Monday, July 4, 2011

Of Gods and Men

    "Of Gods and Men" (2010) is one of the most powerful films that I have ever seen. It has won numerous prizes, including the Grand Prix, which is the second most prestigious award of the Cannes Film Festival. It also received the Prize of the Ecumenical Jury. The French title, it should be added, is "Des Hommes et des Dieux, which translates as "Of Men and Gods."
    The film opens with a quotation  from Psalm 82:6-7: "I have said, Ye are gods; and all of you are children of the most High. But ye shall die like men, and fall like one of the princes."
    It is not a documentary, but the true story of nine Cistercian (also known as Trappist) monks who lived and worked in a monastery in Tibhirine, Algeria. They enjoyed harmonious relations with their predominantly Muslim neighbors, provided them with medical care, sometimes worshiped with them, but never tried to convert them.
    The story start in 1993 and concludes three years later, when seven of the monks are kidnapped and assassinated, although who was responsible is never explained. The Armed Islamic Group of Algeria claimed full responsibility, but French sources suggest that the killing was a mistake by the Algerian army during a rescue attempt.

     Much of the film shows the monks working and worshiping in the monastery. One Christmas Eve, their peaceful existence is disturbed by some terrorists who want medicines.  When the abbot explains that they need the medicines for the villagers and, moreover, that it is the birthday of the prophet Isa, the terrorists reluctantly leave and even apologize for disturbing the monks.
    The political situation deteriorates further, especially after the killing of several Croatian workers in the area. The authorities urge the monks to go home to France. The monks are told that many Algerians would love to leave, but cannot.
    The monks are divided at first, with some wanting to leave, but the rest preferring to stay. In the end, all vote to stay. They are devoted to serving the people among whom they live.

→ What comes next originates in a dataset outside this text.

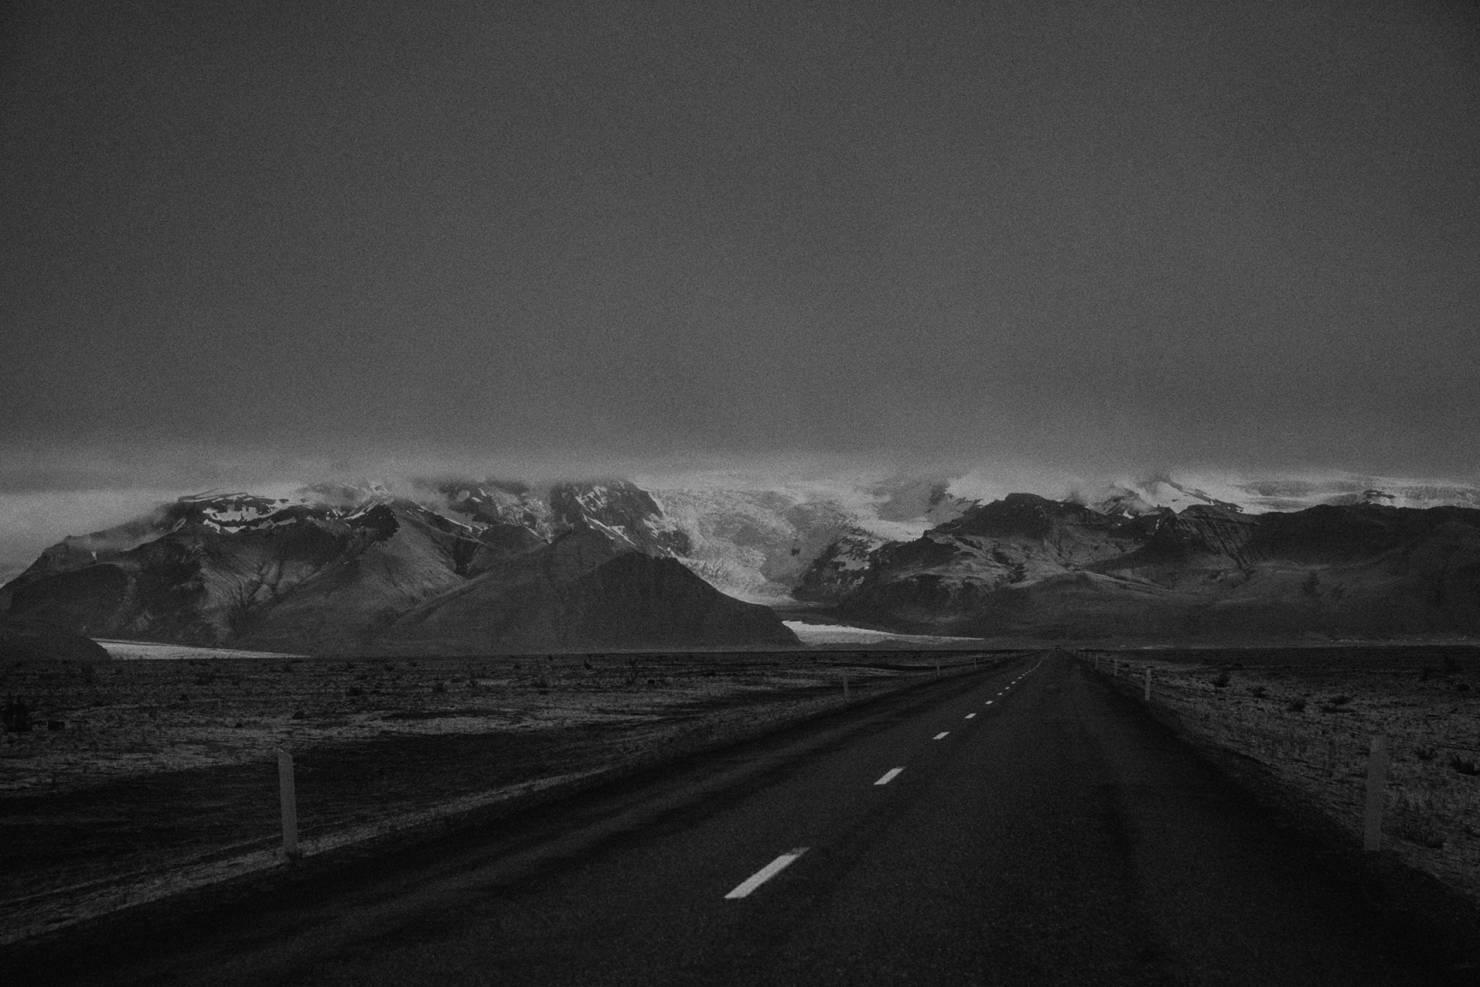 patrick_schuttler_landscape_iceland_003-ce25e298a94a94c83411f8e624e39518

The film reveals the motives of each monk as they explain their vote.
    The last supper scene in which the monks silently sip wine while the overture to Tchaikovsky's Swan Lake fills the room is powerful and moving. But then terrorists come and lead seven of the monks away, although two manage to hide and thus save themselves. The final scene show the monks trudging through the snow to their death, but that is not shown.
    The Christian faith is sympathetically portrayed in this film. The monks are motivated by love. In contrast, the terrorists have a different motive. They are not concerned with their fellow Algerians, and even misuse the Qur'an. As Pascal observed centuries earlier: "Men never do evil so completely and cheerfully as when they do it from religious conviction."
    This film examines in a sensitive way the relations between Christians and Muslims. As these monks demonstrate, Christians and Muslims can live together peacefully. The Islamic terrorists disturb that relationship, but they cannot destroy it.
    These terrorists should not be pictured with a black brush, and the film does not. French colonialism must accept a large share of the blame for the situation in Algeria, and the film does that with only a few small, yet suggestive brush strokes.
    What the film neglects to mention, however, is the way both the French and Algerian governments undermined the results of the democratic election victory of the Islamic Salvation Front. A state of emergency was declared and the second set of elections were canceled. In addition, the Algerian regime used the army and foreign mercenaries to attack men, women, and children, but laid the blame on Islamic groups.
    Is what happened in Algeria a portent of what may happen in North Africa and throughout the Middle East, where Western governments are worried about Islamic parties gaining power as a result of the Arab Spring? I have no answer to that question.
    If you have not yet seen this film, please visit your nearest video store. This is indeed one of the most powerful films that I have ever seen. I am sure you will agree with me.